The Humanities, the Laboratory and “Culturomics”

[This post is the first of many reading reflections written for UNL’s Digital Humanities Seminar. I will be posting my reflections each week. Jason Heppler and William Thomas will also be blogging about the class. This week the readings were Reinventing Knowledge and “As We May Think.”]

Predicting the future is, unsurprisingly, difficult. Writing in the mid-twentieth century, Vannevar Bush describes a future machine, the “memex,” which congregates, organizes, and dispenses information that bears remarkable similarities to the current technology. Writing over sixty years later, Ian McNeely looks backwards more so than forwards, though he seems comfortable projecting the laboratory’s dominance as the center of knowledge into the foreseeable future. Understanding this dominance is vital for humanists to remain socially relevant and avoid the fates of the library, monastery, university, republic of letter, and disciplines, all of which remain though with much less power over knowledge.

One of McNeely’s final thoughts, that academics in the laboratories are beginning to confront “humanities scholars on their own turf,” (273) provides the best example of why humanists must assert their position in the laboratory. McNeely’s suggestion also appears particularly accurate in the light of the “discovery” of “Culturomics .” A good example of the university-industrial complex that dominates many research universities, Harvard and MIT researchers teamed up with the Google Books project to examine an unprecedented amount of written works throughout history. While a useful tool, the, as McNeely puts it, “hubris that comes from transgressing disciplinary boundaries” (273) is painfully clear. Leading humanists from any number of the universities in the Boston area could have been included, but were not. If there had been more humanists, perhaps the academics who “founded” “Culturomics ” may have realized this type of research had already been happening for years.

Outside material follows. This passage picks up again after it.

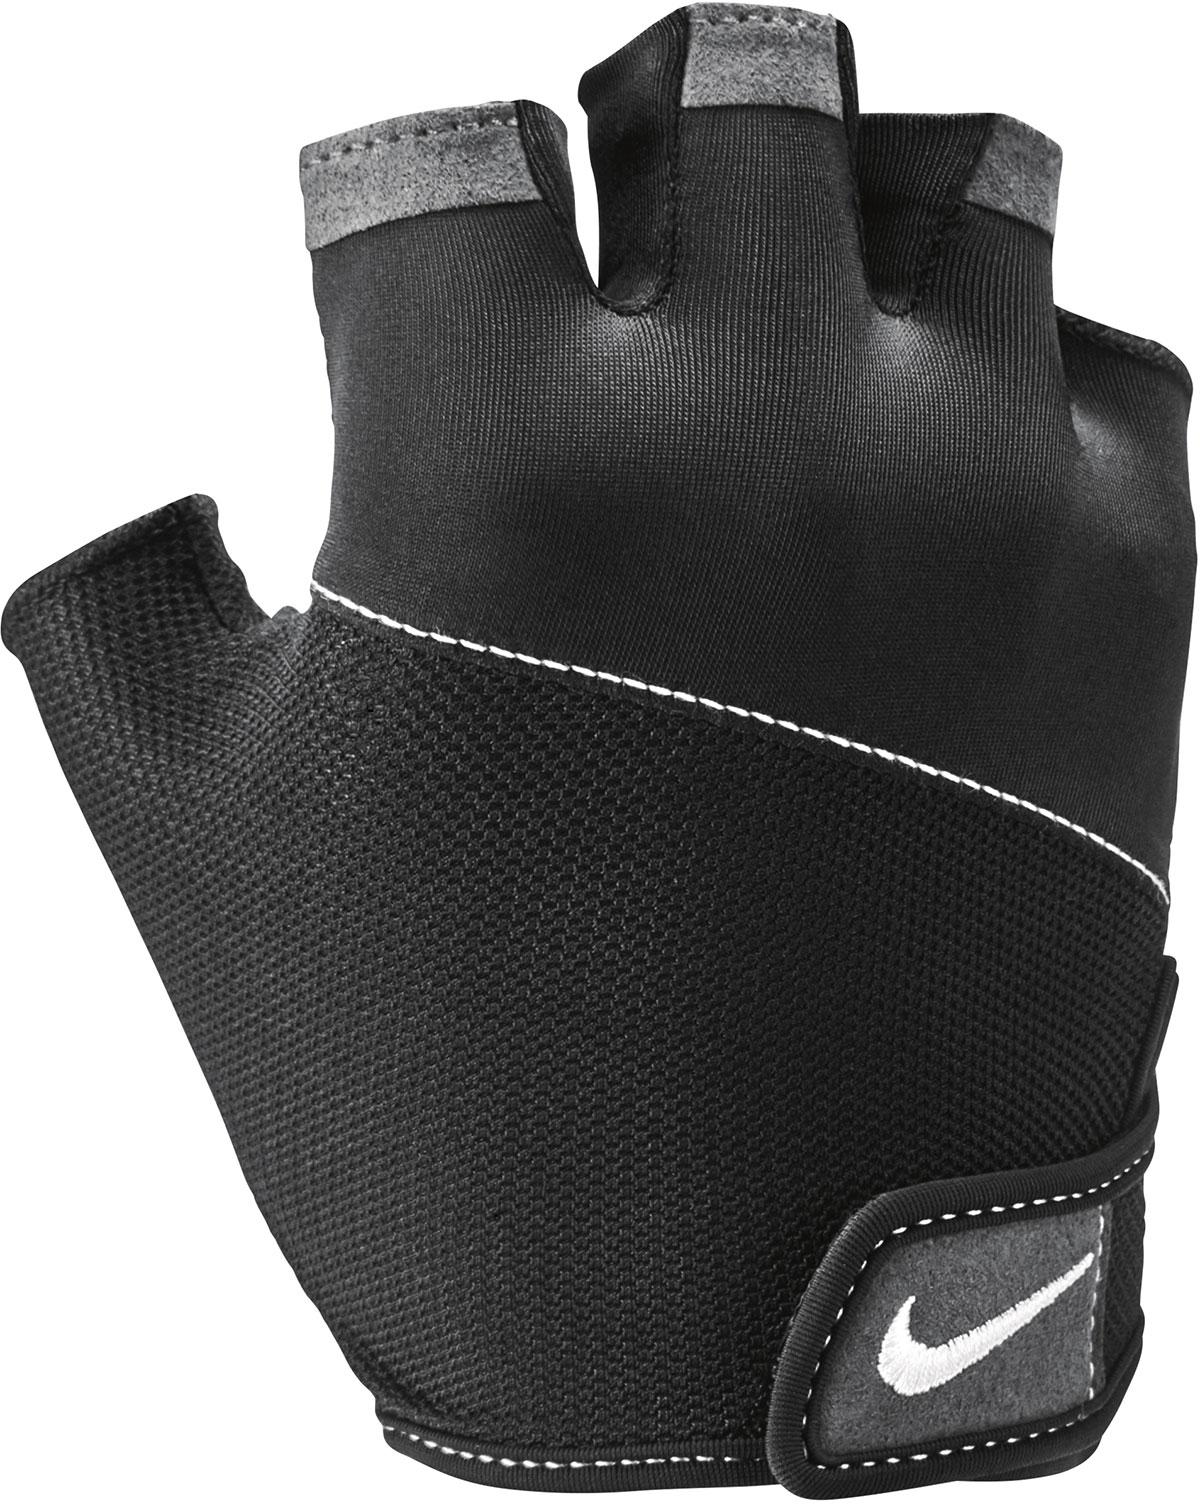 Nike Womens Gym Elemental Fitness Gloves - Black/white

Humanists, then, must fight for their relevancy within the laboratory system. “Culturomics ” clearly shows society can embrace humanistic endeavors. However, the humanities should not simply get lost in the university-industrial system the laboratory has created. Just as Bush made special note of the memex as a tool for humans, humanists should view the university-industrial system as a potential tool. Bush envisioned the memex as a means to drastically increase the speed of research. However, the user still had to make associations and connections among the resources provided. Similarly, groups like Google can provide amazing data sets and tools, but academics are needed to interpret the data and use it to create information. Humanists may not always be the most qualified to seize opportunities that develop from partnerships with companies like Google. However, there will be times when humanists are needed and they must be prepared.